Frank S. Becker: Das kann gut sein, Ideen hätte ich. Aber mein nächstes Buch soll „Sie kamen bis Konstantinopel“ heißen und im September 2009 im Verlag Philipp von Zabern erscheinen. Es spielt um 660 nach Christus, zentrales Ereignis ist die erste große Belagerung von Konstantinopel durch die Muslime. Durch das Auftauchen des Islam bekommt diese Zeit eine besondere Note.
Histo-Couch: Sie bleiben aber dem historischen Genre treu … Was wollen Sie mit ihren Büchern bewirken?
Frank S. Becker: Der historische Roman soll die Leserinnen und Leser zunächst einmal unterhalten. Sie wollen etwas aus der betreffenden Zeit erfahren, wollen wissen, wie die Menschen damals gehandelt haben, welche Konflikte ausgetragen wurden.
Histo-Couch: Was bewegt Sie, wenn Sie ein Buch fertig geschrieben haben?
Frank S. Becker: Es ist eine Mischung aus Begeisterung und Erleichterung. Und man entdeckt in seiner Geschichte meist die eigenen Charakterzüge oder jene von Freunden wieder …

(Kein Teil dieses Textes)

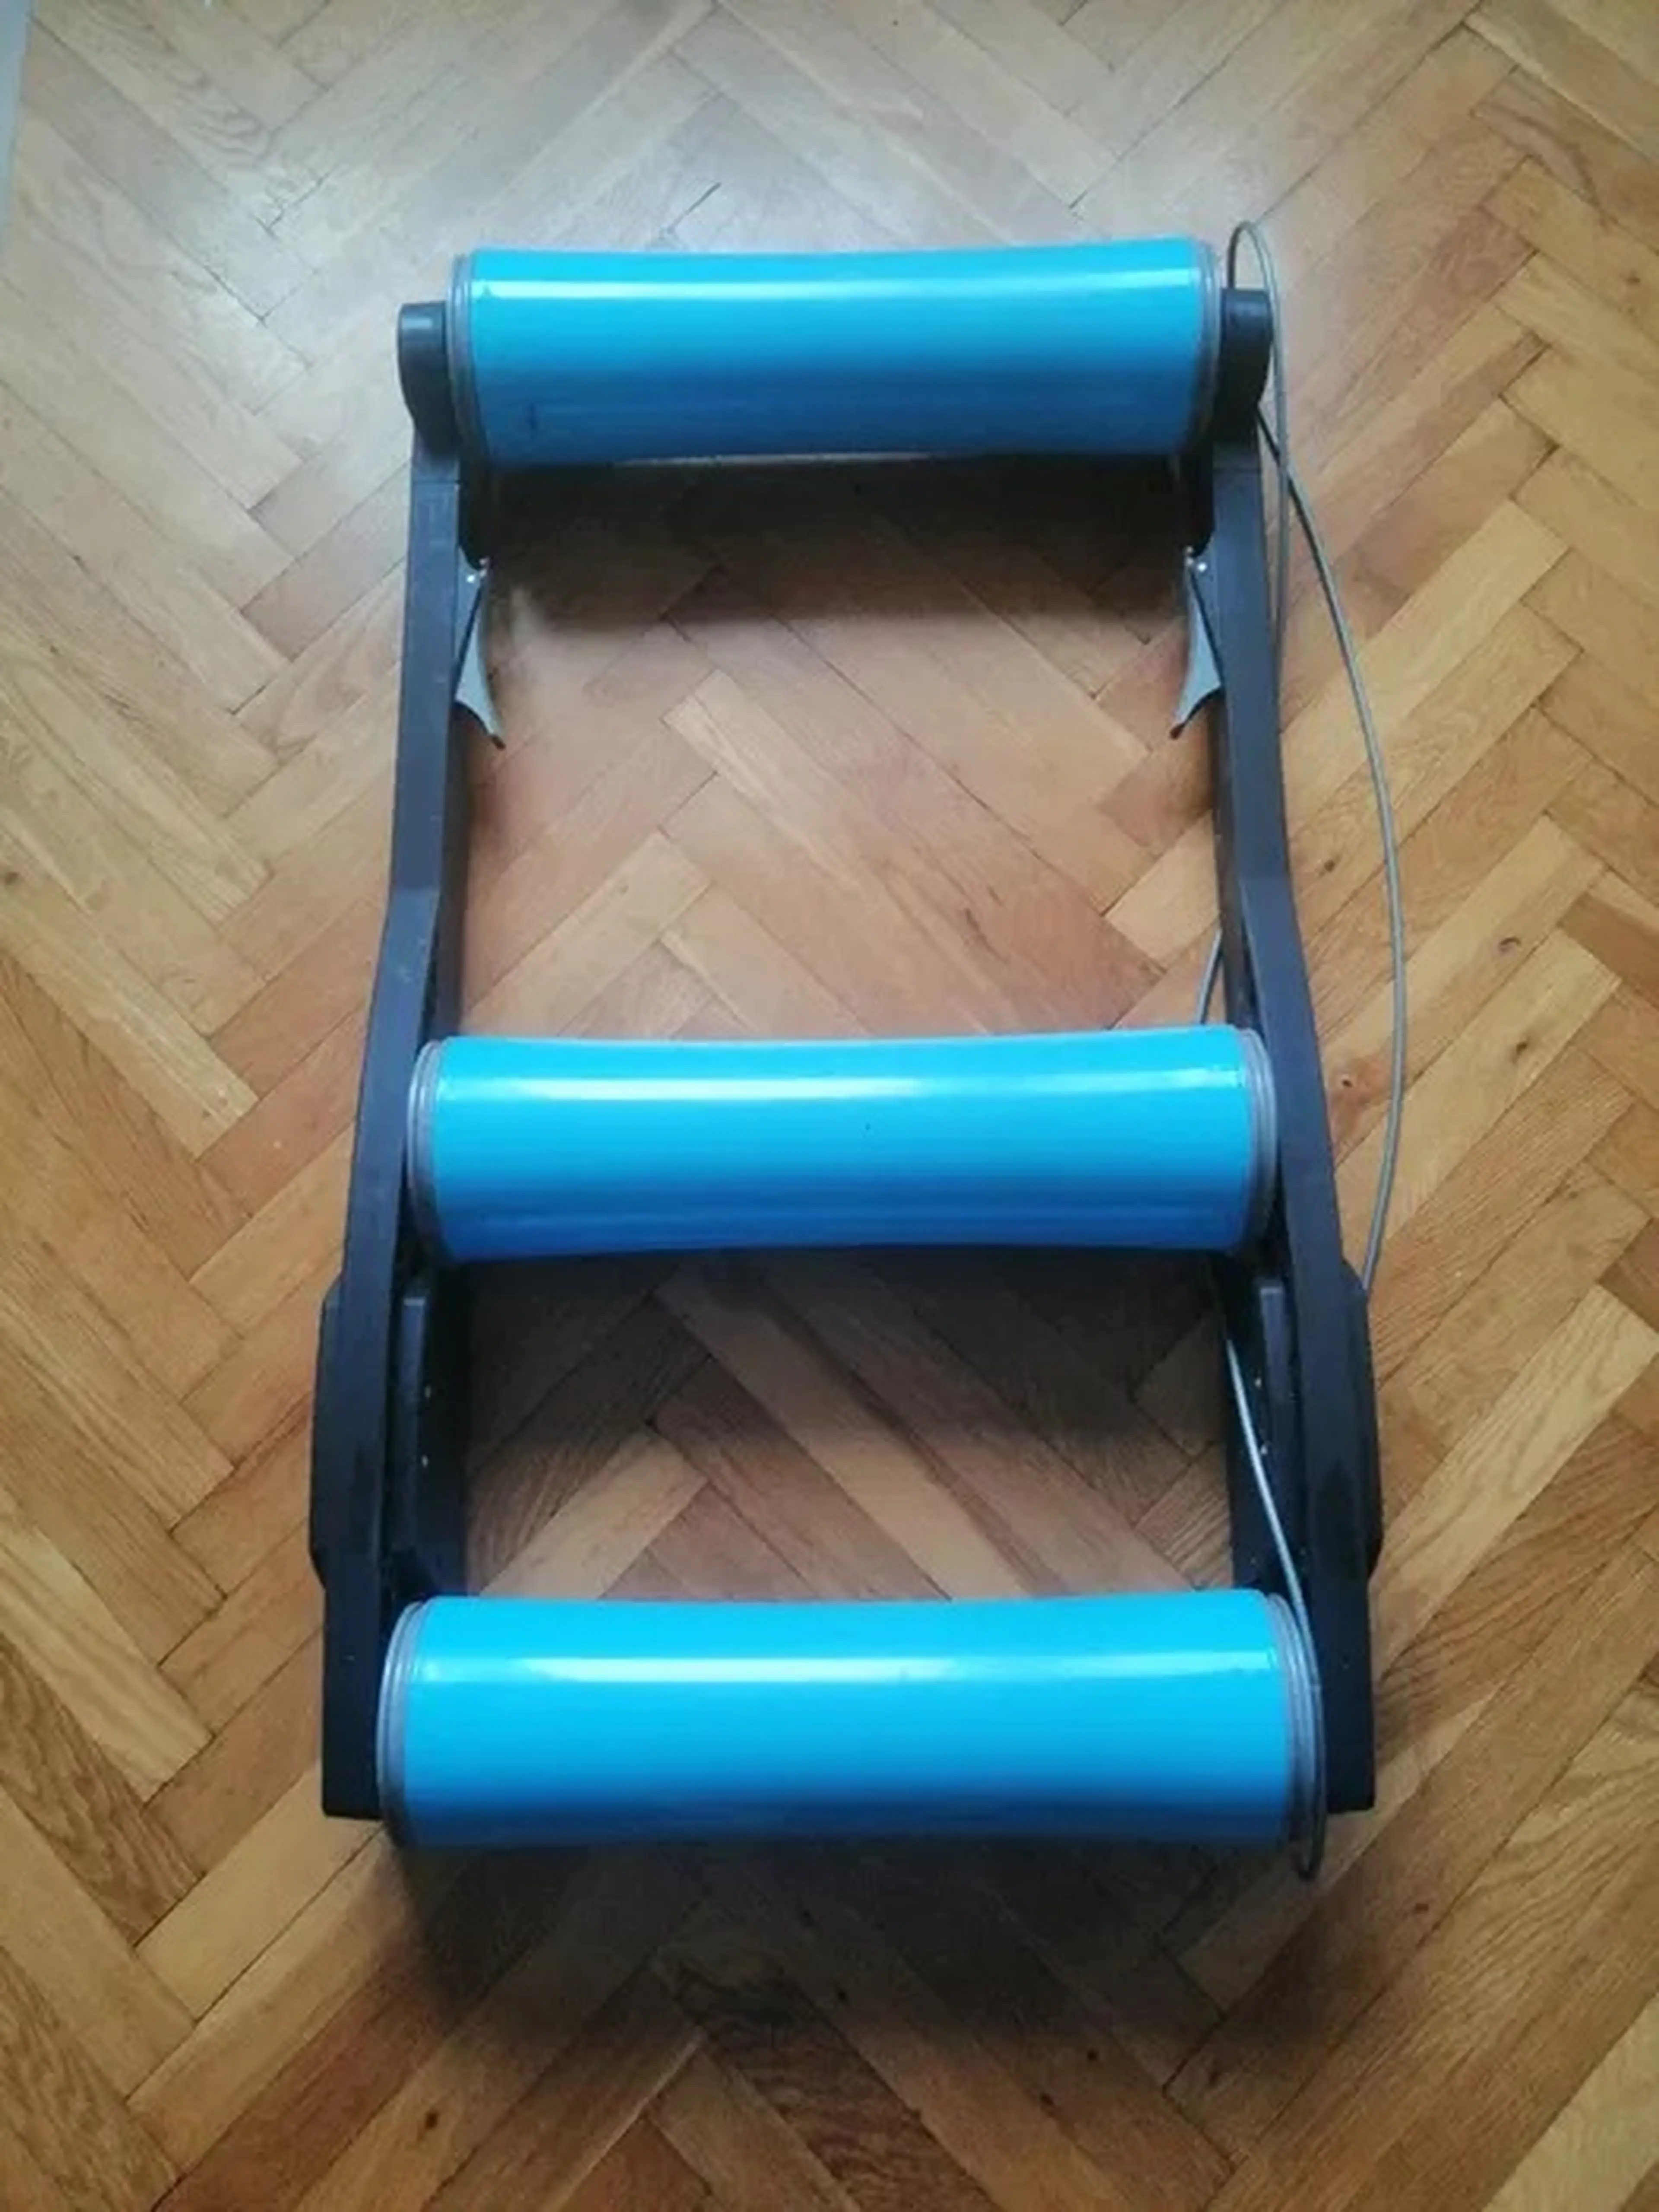 4. Roller Tacx Galaxia

Histo-Couch: Wie wichtig ist Ihnen das Echo auf Ihre Bücher?
Frank S. Becker: Ich nehme alles sehr ernst. Wenn sich jemand die Mühe macht, auf das Buch einzugehen und danach vielleicht auch kritische Worte verliert, so ist das für mich eine wichtige Rückmeldung und ich freue mich über die Auseinandersetzung mit der anderen Meinung. Diesbezüglich habe ich das Internet als Austausch-Plattform schätzen gelernt. Aber es ist nicht immer ganz leicht, mit negativer Kritik umzugehen, schließlich gibt man sich beim Schreiben irgendwie auch selbst ins Buch hinein.
Histo-Couch: War Schriftsteller Ihr Traumberuf?
Frank S. Becker: Schreiben wollte ich schon immer, ja. Zunächst habe ich es mit einer Studentenzeitung versucht, weil ich dachte, dass ich für einen Roman keine passenden Ideen hätte. Das hat sich mittlerweile gelegt.
Das Interview führte Rita Dell’Agnese.